TASK GOAL - Please output exactly the part of the records below that opens with the line containing "Master Plan of" and closes with the line containing "Royal Hawaiian Sandalwood", both lines included, and nothing else.

DATA PROVIDED -
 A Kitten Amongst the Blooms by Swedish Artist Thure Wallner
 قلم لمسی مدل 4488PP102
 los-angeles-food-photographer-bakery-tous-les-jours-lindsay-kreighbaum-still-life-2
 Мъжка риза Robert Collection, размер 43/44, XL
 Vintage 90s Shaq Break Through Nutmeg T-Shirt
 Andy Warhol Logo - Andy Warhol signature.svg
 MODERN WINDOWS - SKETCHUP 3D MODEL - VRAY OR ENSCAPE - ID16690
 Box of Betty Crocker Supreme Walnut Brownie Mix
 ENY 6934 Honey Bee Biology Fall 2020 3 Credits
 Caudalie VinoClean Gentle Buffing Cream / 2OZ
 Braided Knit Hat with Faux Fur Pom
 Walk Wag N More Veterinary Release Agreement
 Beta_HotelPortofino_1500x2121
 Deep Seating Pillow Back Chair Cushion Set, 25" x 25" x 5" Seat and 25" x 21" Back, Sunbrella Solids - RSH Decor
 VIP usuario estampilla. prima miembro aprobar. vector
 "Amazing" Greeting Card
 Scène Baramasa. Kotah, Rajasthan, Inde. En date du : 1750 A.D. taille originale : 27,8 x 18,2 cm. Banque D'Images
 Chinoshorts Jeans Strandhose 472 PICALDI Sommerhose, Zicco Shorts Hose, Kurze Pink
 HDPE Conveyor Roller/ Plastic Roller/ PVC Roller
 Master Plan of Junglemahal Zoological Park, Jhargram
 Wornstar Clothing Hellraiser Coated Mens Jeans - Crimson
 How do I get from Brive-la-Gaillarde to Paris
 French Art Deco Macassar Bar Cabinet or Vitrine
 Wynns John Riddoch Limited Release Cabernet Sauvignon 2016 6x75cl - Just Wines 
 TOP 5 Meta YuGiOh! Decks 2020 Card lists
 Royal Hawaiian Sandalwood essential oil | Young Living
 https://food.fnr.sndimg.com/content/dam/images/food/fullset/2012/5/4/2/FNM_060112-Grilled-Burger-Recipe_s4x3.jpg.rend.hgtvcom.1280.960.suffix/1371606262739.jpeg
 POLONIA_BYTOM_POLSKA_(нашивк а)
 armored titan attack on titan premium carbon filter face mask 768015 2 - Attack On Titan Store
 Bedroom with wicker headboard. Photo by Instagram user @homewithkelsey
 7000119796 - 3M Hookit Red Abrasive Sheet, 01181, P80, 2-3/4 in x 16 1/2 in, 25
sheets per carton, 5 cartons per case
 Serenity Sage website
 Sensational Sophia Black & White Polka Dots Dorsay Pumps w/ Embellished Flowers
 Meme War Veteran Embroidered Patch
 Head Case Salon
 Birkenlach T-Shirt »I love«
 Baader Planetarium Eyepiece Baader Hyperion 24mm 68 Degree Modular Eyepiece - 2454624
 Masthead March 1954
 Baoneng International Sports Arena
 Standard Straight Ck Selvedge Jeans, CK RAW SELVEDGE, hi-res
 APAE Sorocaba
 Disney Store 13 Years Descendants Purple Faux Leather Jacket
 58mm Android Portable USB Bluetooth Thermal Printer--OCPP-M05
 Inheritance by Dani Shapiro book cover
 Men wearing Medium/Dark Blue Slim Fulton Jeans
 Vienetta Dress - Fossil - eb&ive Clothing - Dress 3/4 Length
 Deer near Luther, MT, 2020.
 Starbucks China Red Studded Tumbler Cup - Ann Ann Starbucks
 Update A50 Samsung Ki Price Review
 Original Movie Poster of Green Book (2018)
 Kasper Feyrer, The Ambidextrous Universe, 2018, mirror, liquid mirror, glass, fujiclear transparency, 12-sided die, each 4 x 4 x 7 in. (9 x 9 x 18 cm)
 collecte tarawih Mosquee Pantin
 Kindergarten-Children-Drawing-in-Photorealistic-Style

EXERCISE RESPONSE -
 Master Plan of Junglemahal Zoological Park, Jhargram
 Wornstar Clothing Hellraiser Coated Mens Jeans - Crimson
 How do I get from Brive-la-Gaillarde to Paris
 French Art Deco Macassar Bar Cabinet or Vitrine
 Wynns John Riddoch Limited Release Cabernet Sauvignon 2016 6x75cl - Just Wines 
 TOP 5 Meta YuGiOh! Decks 2020 Card lists
 Royal Hawaiian Sandalwood essential oil | Young Living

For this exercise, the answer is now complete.